Le Lamie, ristando dalla corsa. Ferma! Egli riflette, esita, s’arresta. Corretegli dinanzi, non forse e’ ci avesse a fuggire.

Mefistofele, proseguendo il cammino. Avanti! Non vo’ lasciarmi cogliere da’ lacci del dubbio; imperocchè, al postutto, se le streghe punto non fossero, chi diavolo vorrebbe farla da diavolo?

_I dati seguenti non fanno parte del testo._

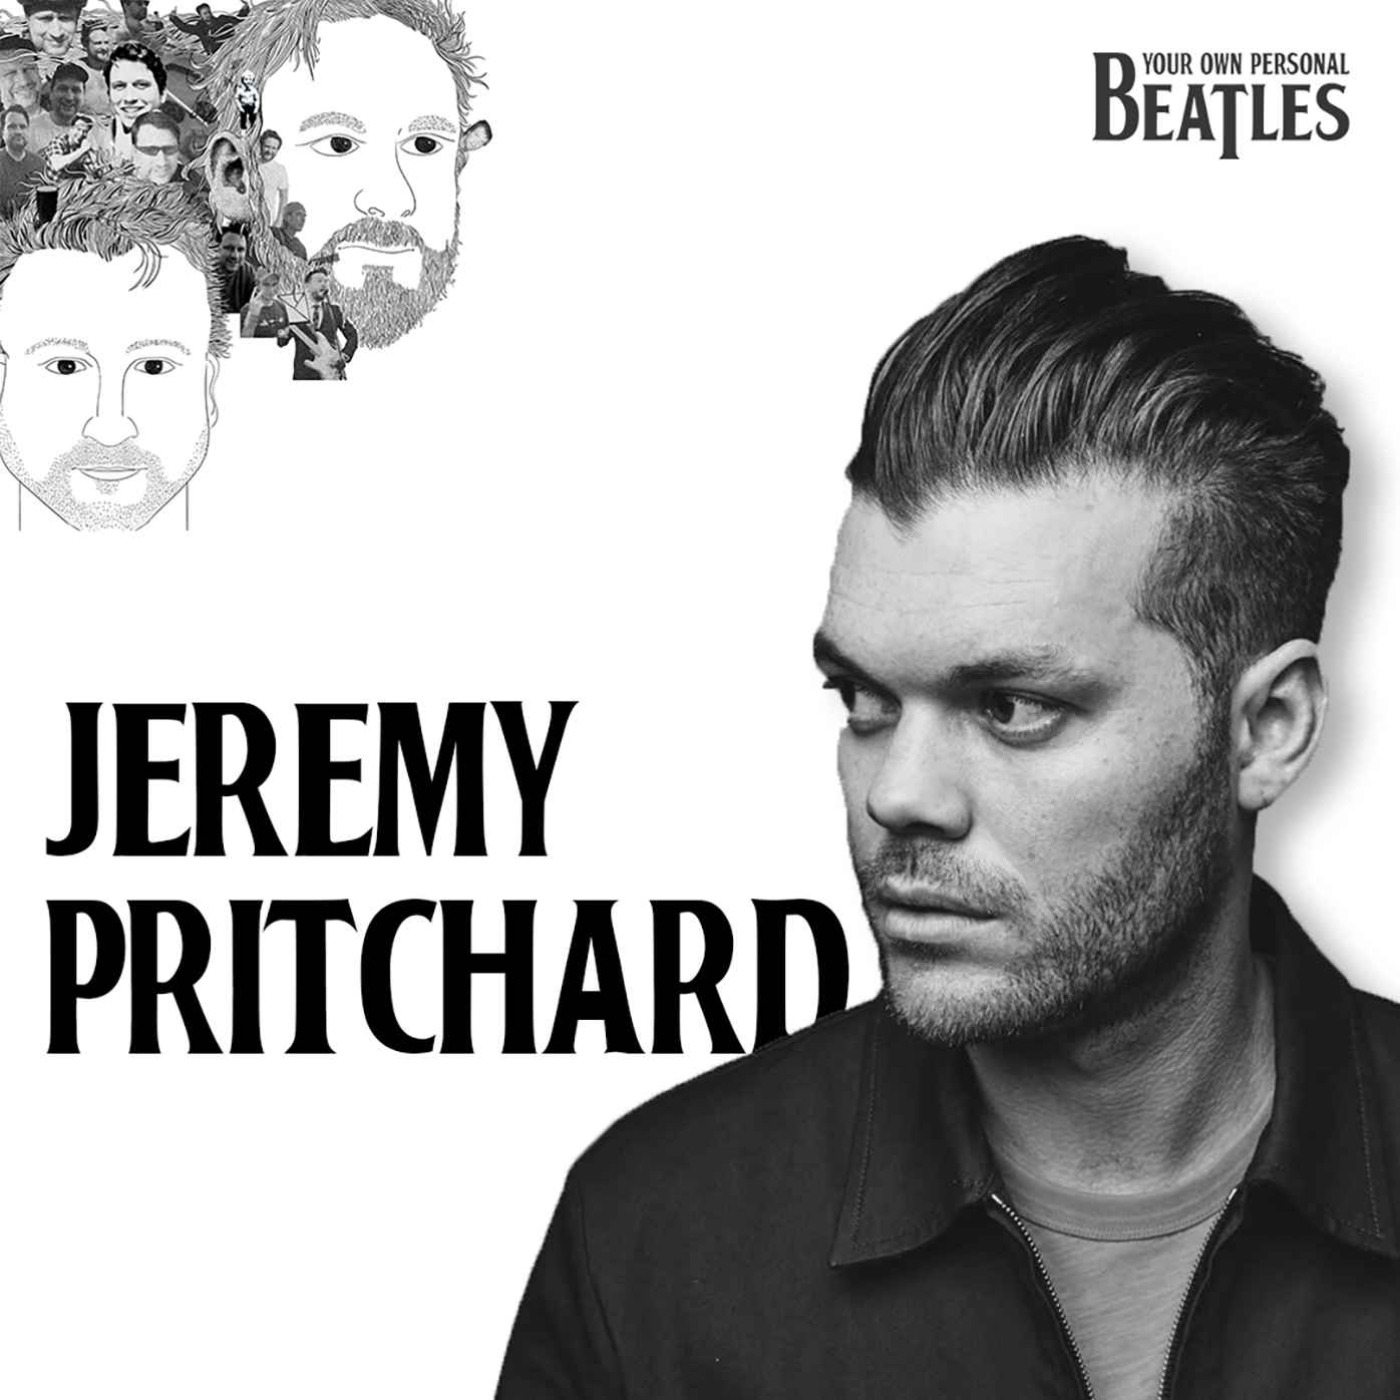 Jeremy Pritchard's Personal Beatles

Le Lamie, con piglio carezzevole. Meniamo a cerchio la danza intorno a codesto eroe; l’amore va senza meno a suscitarglisi in petto per alcuna fra noi.

Mefistofele. Aftè, che al dubbio lume voi m’avete cera di femmine gentili, nè vo’riuscirvi sgarbato.

Empousa,1 uscendo fuori di schiera. Nè tampoco io! E come tale consentite ch’io sia pure del vostro sèguito.

Le Lamie. Ella è di soprassello nel circolo, ella non buona mai ad altro che a sconcertare i nostri giuochi.

Empousa a Mefistofele. Abbiti il saluto di Empou-

  1. Ἕν ποῦς, Divinità dal piè d’asino, messaggiera di Ecate, o secondo alcuni la medesima Ecate, che mostrasi a’ viandanti sotto varie forme, or giovenca ed or albero, quando mosca e quando serpente. Mefistofele, cui non va troppo a sangue una tal parentela col piè d’asino, fa finta di non capire, e si raddrizza sul suo piè di cavallo con una boria al tutto aristocratica.